The majority of teams competing in Division 4 were reserves teams.

===Ladder===
Because teams did not play an equal number of home-and-away matches, the ladder was decided on match ratio.

| Pos | Team | Pld | W | WF | L | LF | D | PF | PA | PP | Pts | M/R | Qualification |
| 1 | Westbourne (P) | 14 | 11 | 3 | 3 | 0 | 0 | 678 | 110 | 616.4 | 48 | 85.7 | Finals series |
| 2 | Caulfield Grammarians | 9 | 7 | 1 | 2 | 0 | 0 | 512 | 150 | 341.3 | 32 | 80.0 |
| 3 | Old Yarra Cobras | 14 | 11 | 0 | 3 | 0 | 0 | 505 | 96 | 526.0 | 44 | 78.6 |
| 4 | Port Melbourne Chargers | 13 | 8 | 0 | 5 | 1 | 0 | 592 | 294 | 201.4 | 32 | 57.1 |
| 5 | Fitzroy | 12 | 6 | 2 | 6 | 1 | 0 | 274 | 370 | 74.1 | 32 | 57.1 |
| 6 | Canterbury | 14 | 6 | 0 | 8 | 0 | 0 | 344 | 353 | 97.5 | 24 | 42.8 |  |
| 7 | West Brunswick | 12 | 4 | 2 | 8 | 0 | 0 | 305 | 427 | 71.4 | 24 | 42.8 |
| 8 | Preston Bullants | 14 | 5 | 0 | 9 | 0 | 0 | 287 | 548 | 52.4 | 20 | 35.7 |
| 9 | St Kevin's | 14 | 3 | 0 | 11 | 0 | 0 | 142 | 453 | 31.4 | 12 | 21.4 |
| 10 | Monash Blues | 14 | 3 | 0 | 11 | 0 | 0 | 194 | 626 | 31.0 | 12 | 21.4 |
| 11 | Oakleigh | 8 | 0 | 1 | 8 | 5 | 0 | 136 | 732 | 18.6 | 4 | 7.1 |
| – | Beaumaris | 3 | 3 | 1 | 0 | 0 | 0 | 300 | 0 | 0.00 | 12 | 100 | Withdrew after round 4 |
| – | Old Xaverians | 0 | 0 | 0 | 0 | 4 | 0 | 0 | 0 | 0.00 | 0 | 0.0 |

==Notable events==
- Prior to round 1, the VAFA Umpires Association said it was considering "disruptions" to the 2025 season after having their bonuses for finals matches removed.

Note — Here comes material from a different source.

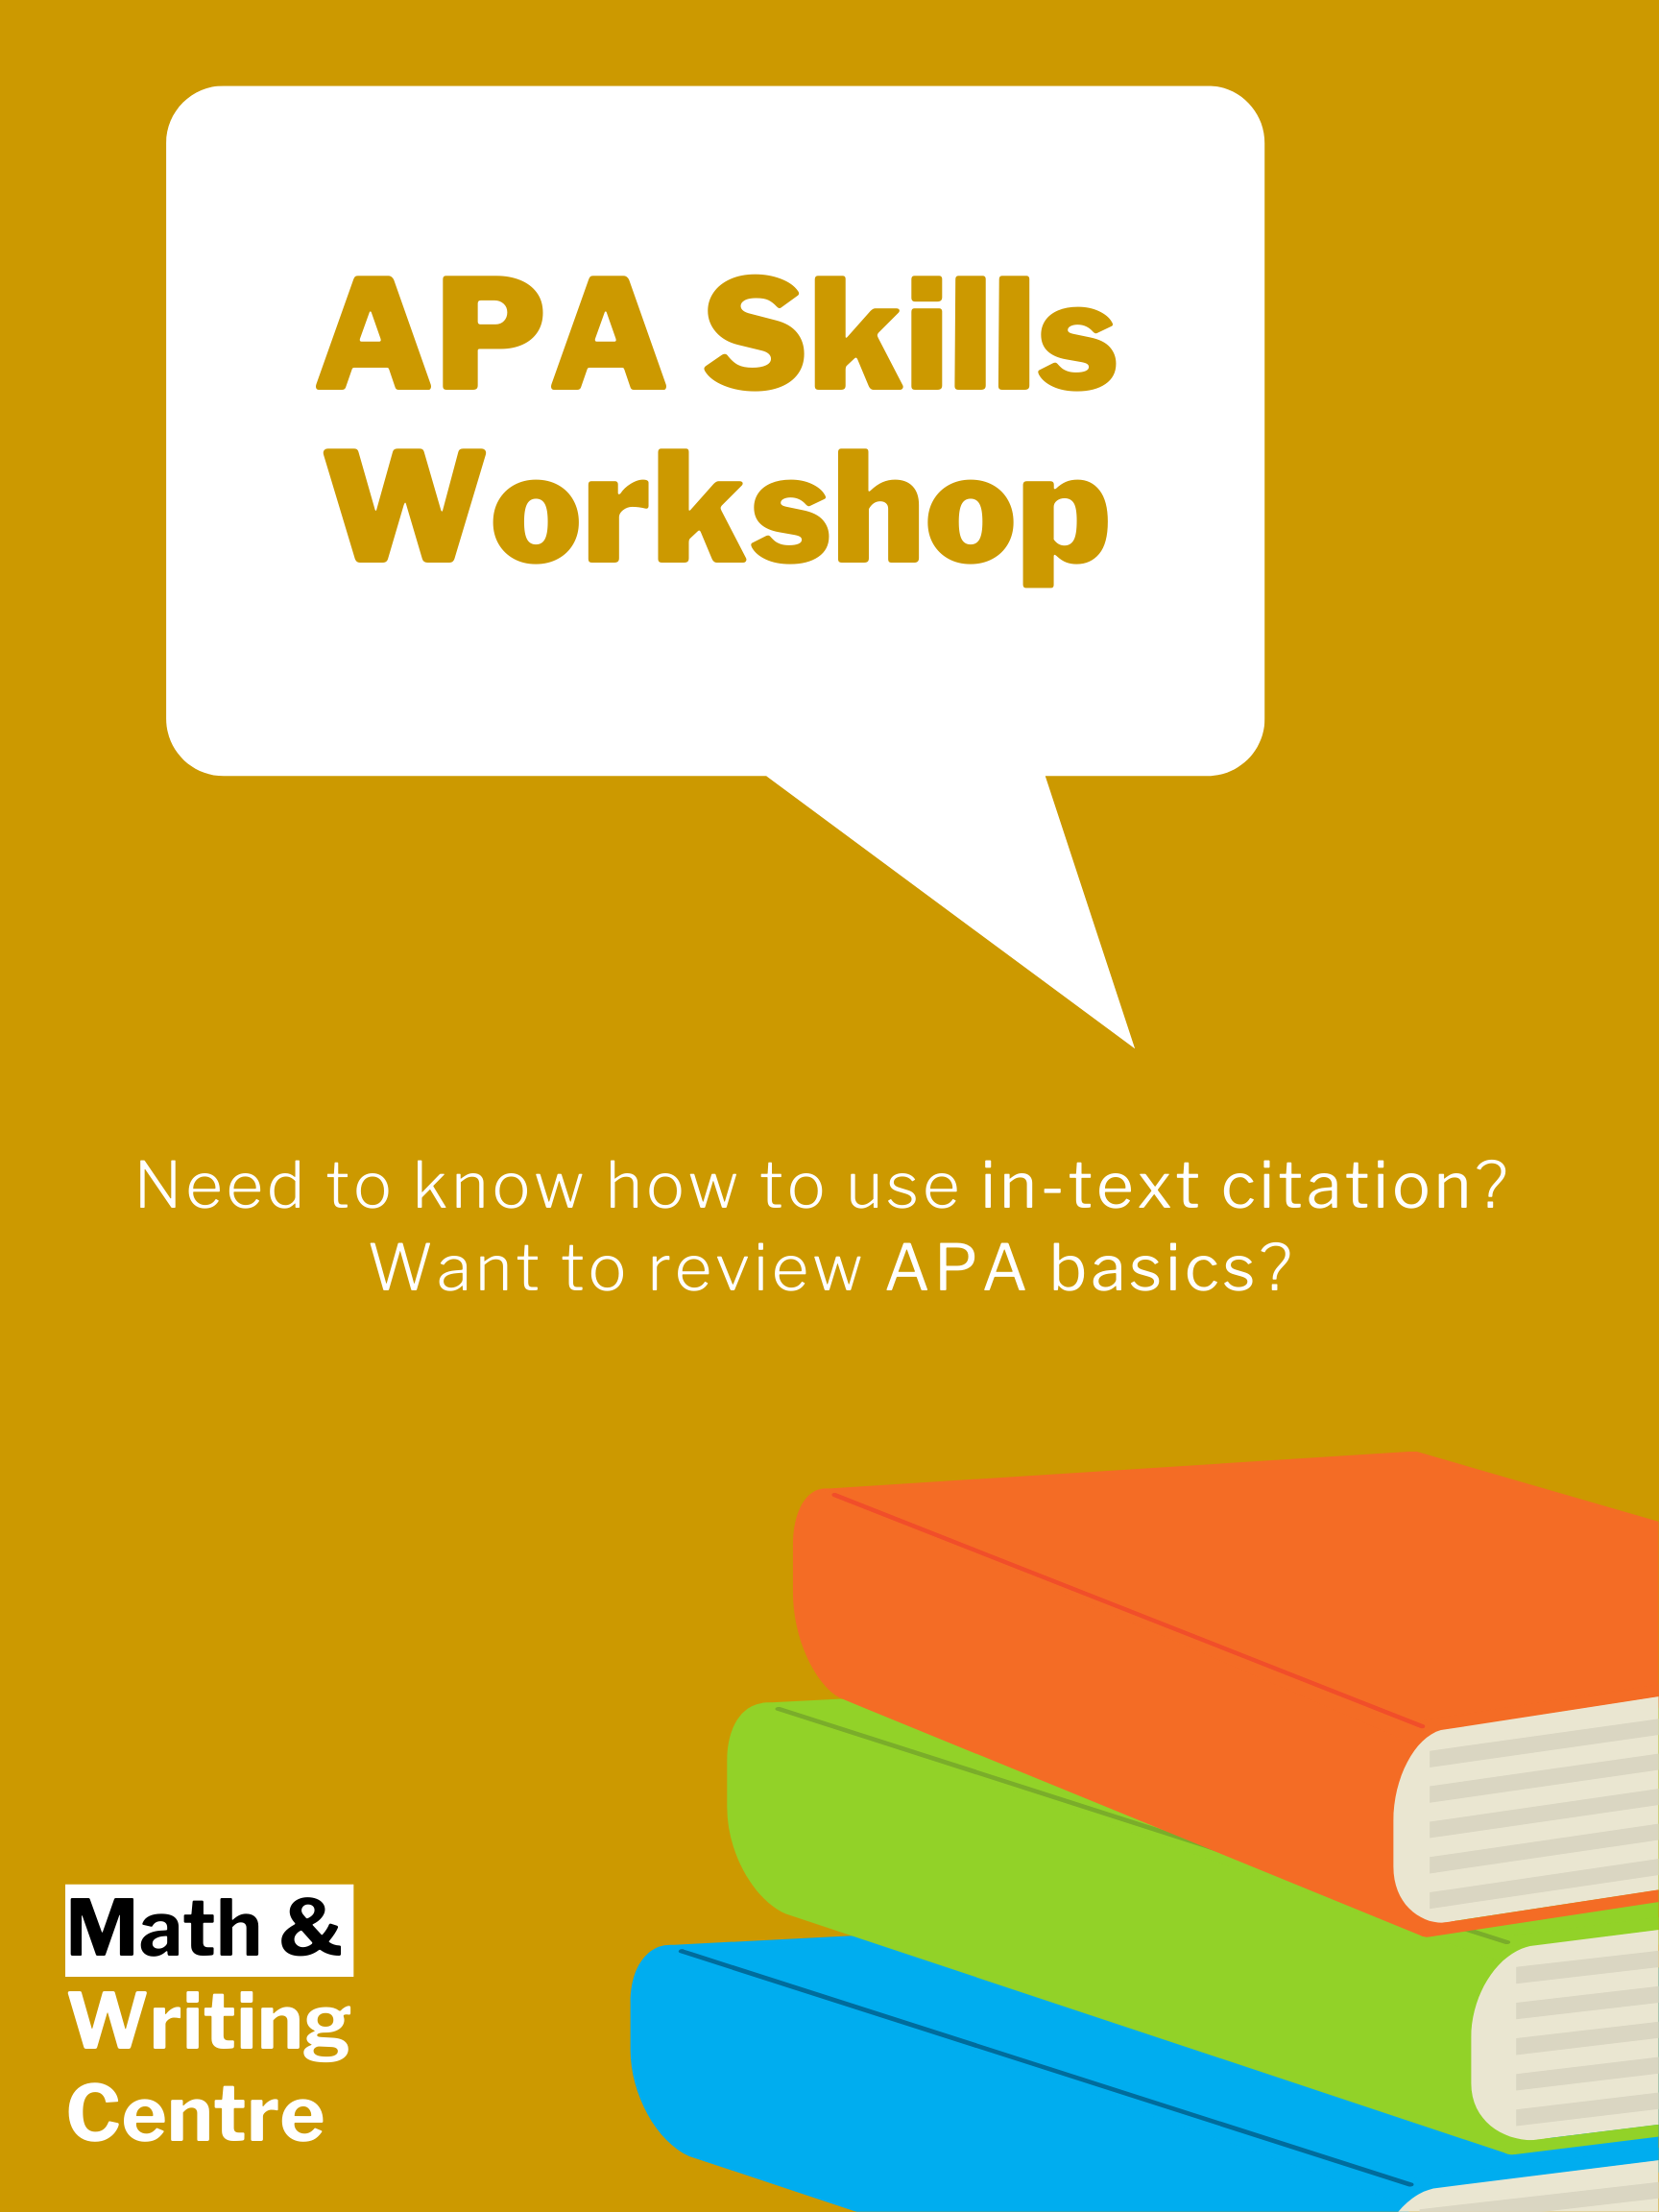 "APA Skills Workshop" in a speech bubble

The dispute was resolved on 3 April 2025, with umpires receiving an increase in practice match payments and reimbursements for visits to clubs during the pre-season.
- On 22 September 2025, under-19s player Will Richter died after being struck by a truck while cycling.
- On 29 October 2025, 17-year-old VAFA umpire Ben Austin died in hospital, one day after being struck in the neck by a ball in practice nets while playing cricket. Austin had made his senior Premier Men's umpiring debut in round 11 and officiated in the Premier Men's reserves grand final.